1-3 2人の想い

 酒場に戻ったシオンは盛大な歓迎で迎えられた。シオンは困惑しきりであったが、店内にいる人々にとっては、村を蹂躙し好き放題していた輩が一掃されたわけなのだから、喜ぶのも無理はない。

 カウンターに座ったシオンのもとには、握手を求めてくる人や礼を言いに来る人が次から次へと入れ代わり立ち代わりやってくる。それら村人からの歓待がひとしきり終わったところで、ようやくエールが運ばれてきた。

「はい! どうぞ!」

「ありがとう。ちょうど喉が渇いてたんだ♪」

 クリスが運んできたエールをシオンはグイッと一気に飲み干した。

「もう大丈夫だよ。全部片付けたから」

 シオンの穏やかな口調にクリスは満面の笑みで応えた。

「あ、そうだ。後でクリスが行きたいって言っていた場所、連れてってよ」

 先の騒動ですっかり忘れていたのか、シオンの言葉に「あっ!」とした表情を見せたクリスだったが、すぐに大きく頷いてみせた。

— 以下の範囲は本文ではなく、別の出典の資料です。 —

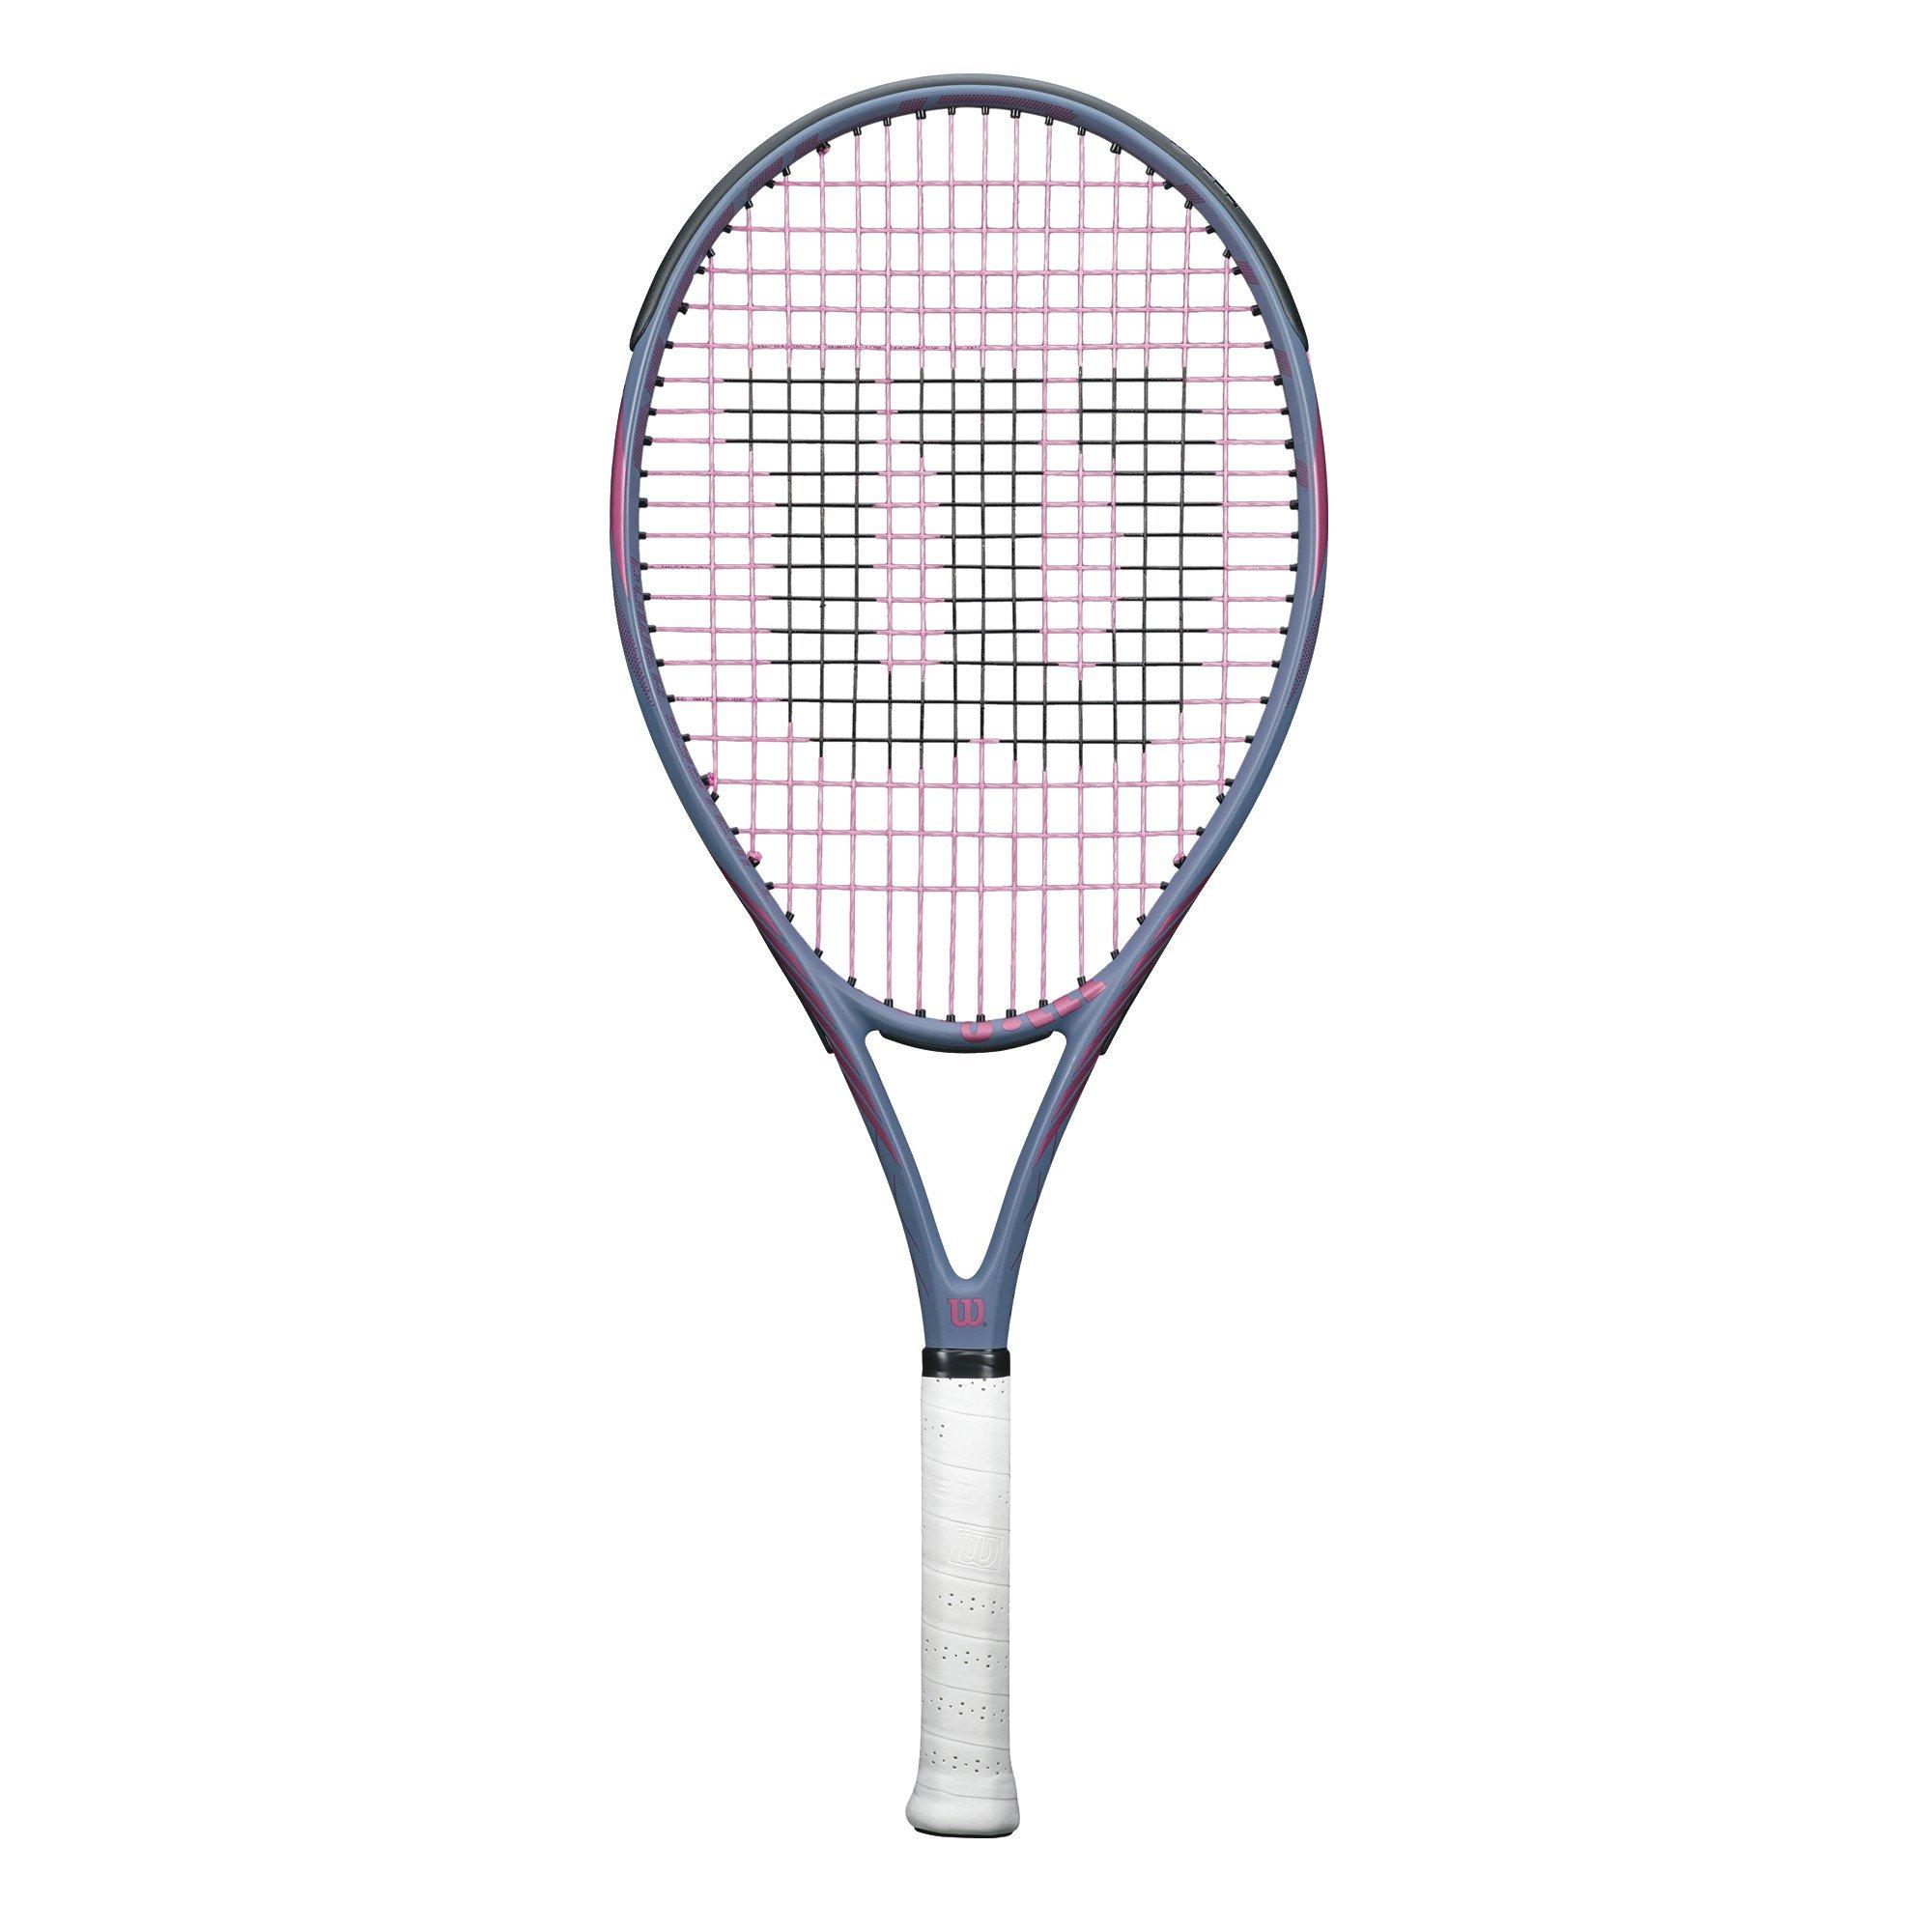 Wilson Hyperion PowerX 1 Tennis Racquet, Grey/Pink, 4 1/4''

「うん! ちょっと今、お店がバタバタしてるから落ち着くまで待っててね♪」

 そういうとシオンの返事を待たずに仕事に戻り、店中を所狭しと動き回っていった。そんなクリスの働きまわる姿を、エールを飲みながらボケーッと眺めていた。

(カ、カワイイ……)


「おまたせ! 行こっ!」

 店内が落ち着いてきた頃合いに、カウンターでエールを飲んでいたシオンのもとにクリスがやってきた。シオンはグラスを置いた腕を軽く引っ張られながら席を立ち、クリスのあとについて行く。

「ところで、どこまで行くの?」

「んっとね~。とっても景色がキレイな場所!」

 シオンの問いかけに笑って答えると、そのままシオンの腕を引きながら村外れの小高い丘を登っていった。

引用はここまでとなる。